Después, la visita a la neoclásica Bayerische Staatsoper (Opera Estatal de Baviera) me recordó que Wagner seguía acompañándome en mi viaje, pues en este teatro fueron estrenadas “Tristán e Isolda”, “Los maestros cantores de Núremberg”, “El oro del Rin” y “La Valquiria”, algo que le significa para la posteridad

p1010247.JPGTras Múnich vendría Florencia, de la que todo se ha dicho y yo no añadiré nada más que el profundo respeto sentido ante la tumba de Gioachino Rossini en la Basílica de la Santa Croce, que junto a las de Miguel Ángel, Galileo Galilei, Dante Alighieri y Nicolás Maquiavelo rivaliza en personajes ilustres enterrados con la mismísima Abadía de Westminster en el Londres más tradicional.

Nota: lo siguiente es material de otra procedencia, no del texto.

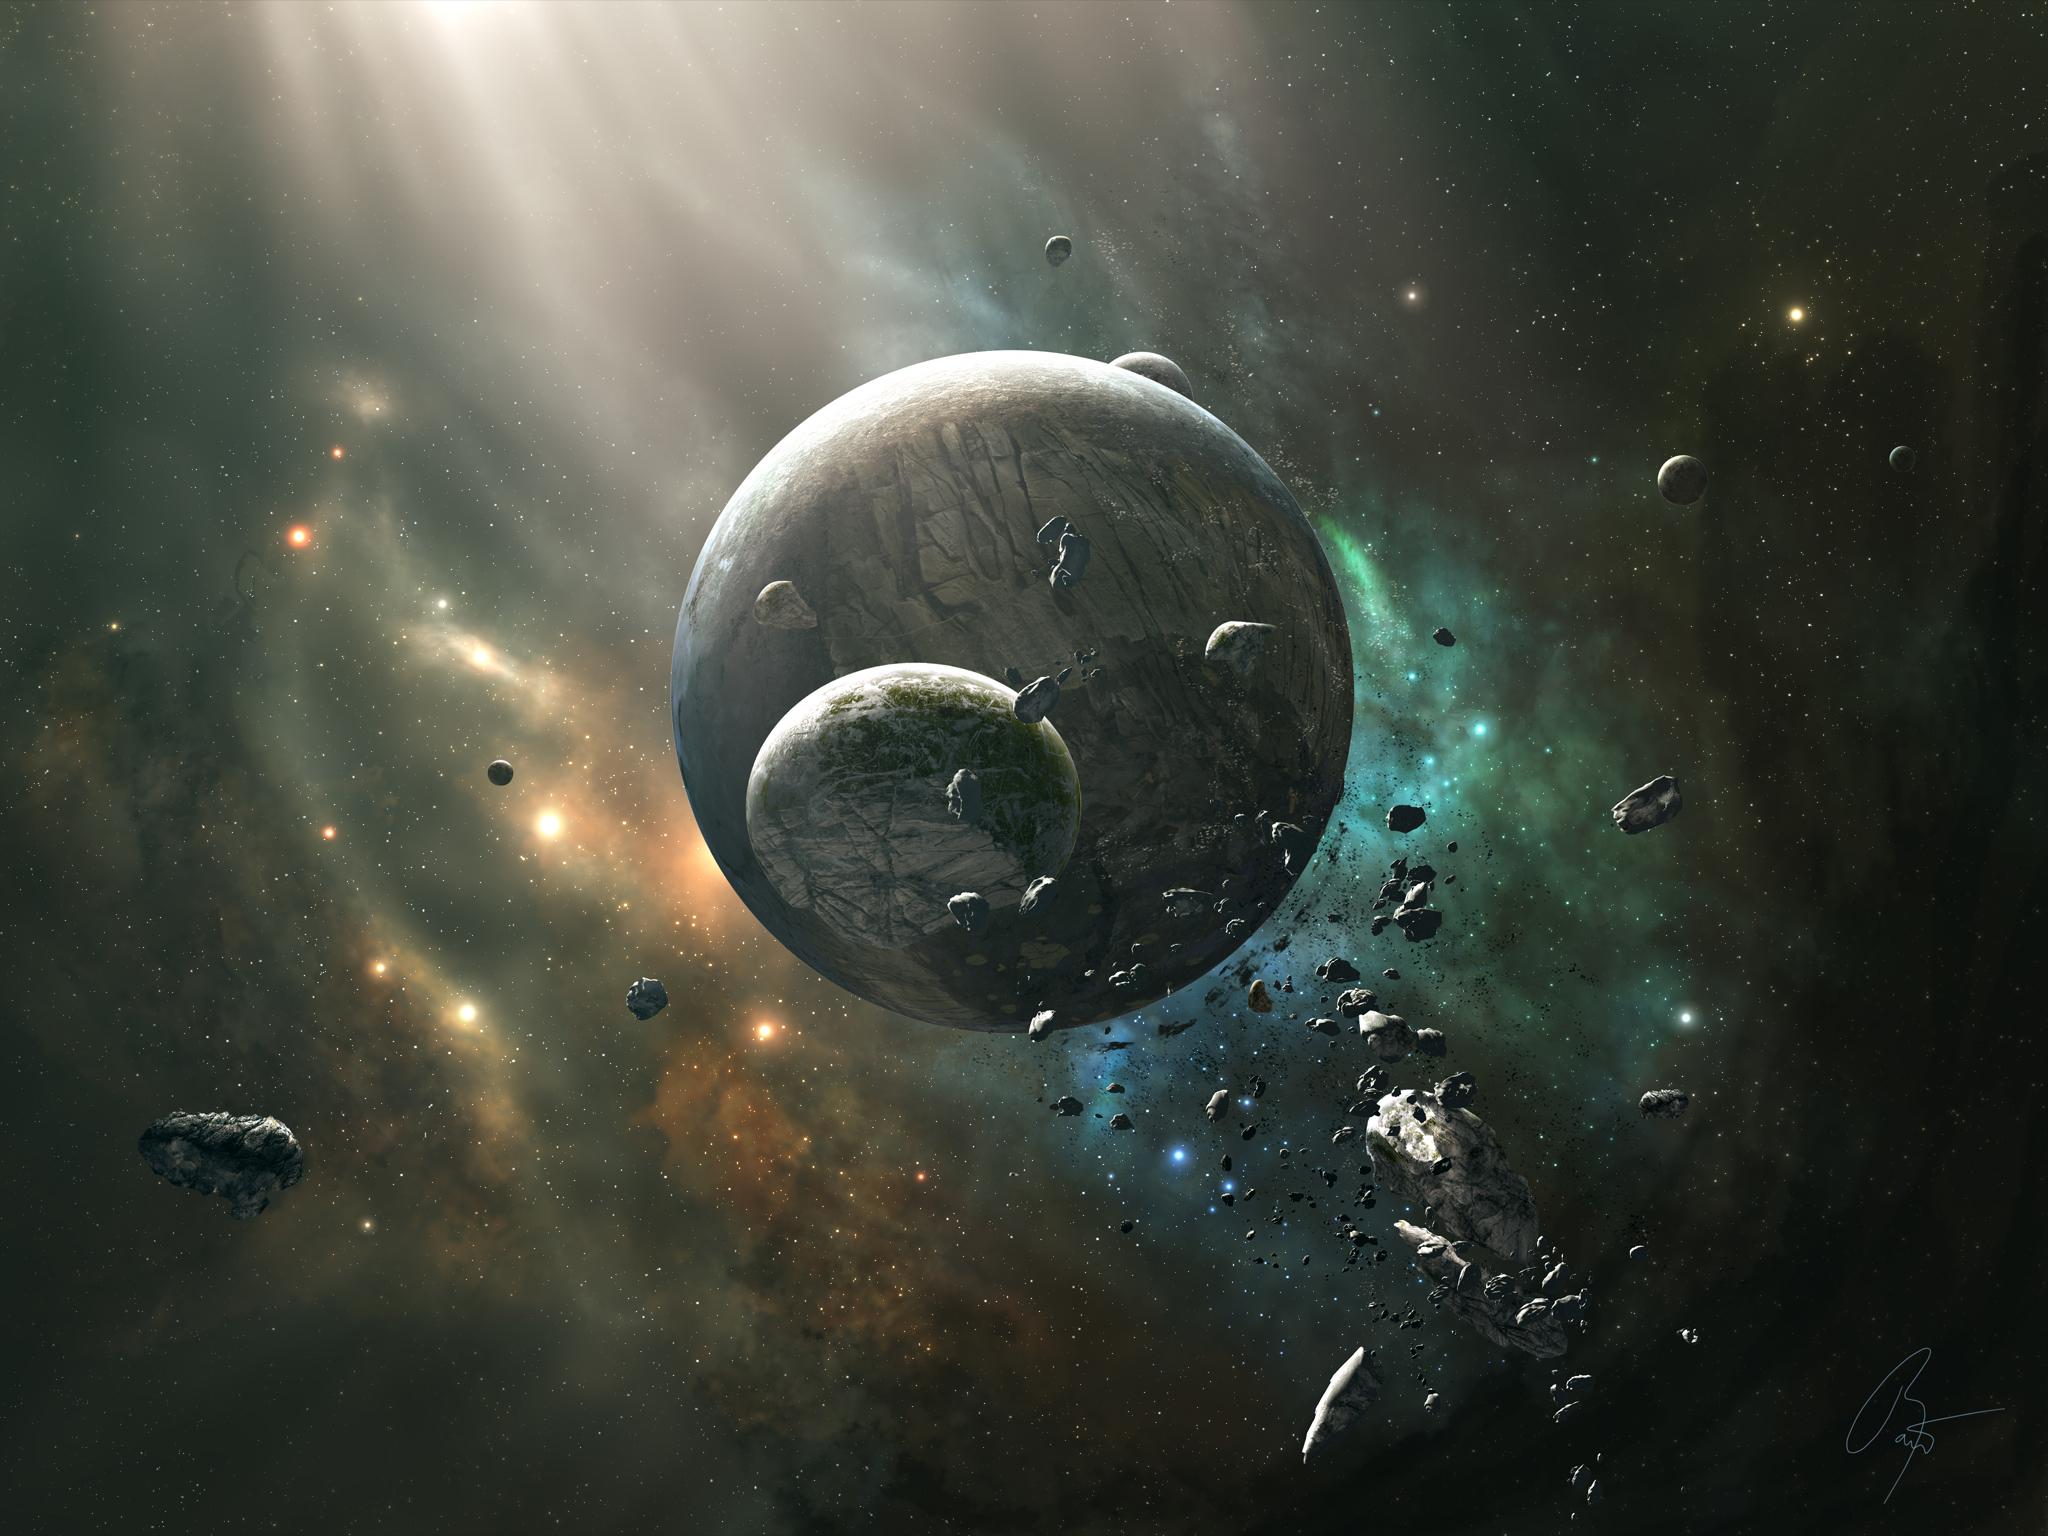 Digital Art Planet Space Artwork Nebula Atmosphere Universe JoeyJazz Astronomy Screenshot Outer Astronomical

p1010514.JPGEn Venecia me esperaba la tercera cita musical del periplo, con el estreno de “La Traviata” en La Fenice, precisamente el teatro en donde por primera vez se vino a representar. La Fenice es uno de esos cuatro o cinco templos históricos de la ópera mundial y se merecía una atención especial que quise dispensarle, la noche anterior, cenando reposadamente en una de las terrazas que adornan la plaza de su entrada peatonal (pues hay otra fluvial para góndolas) y al día siguiente en mi visita turístico-peregrina matinal donde tuve acceso al palco real. El interior, de un rococó muy veneciano-carnavalesco, seguro fue testigo de grandes veladas líricas a lo largo de su historia, que yo no tuve la suerte de rememorar, pues durante la representación presenciada y a tenor del escaso acierto de la producción en general, mi interés estuvo puesto más en el continente que en el contenido musical. Esta vez tampoco pude aplaudir, un impedimento que asumí sin pesar, anticipando la deliciosa copa de helado italiano que después tomaría en San Marcos y su Florián.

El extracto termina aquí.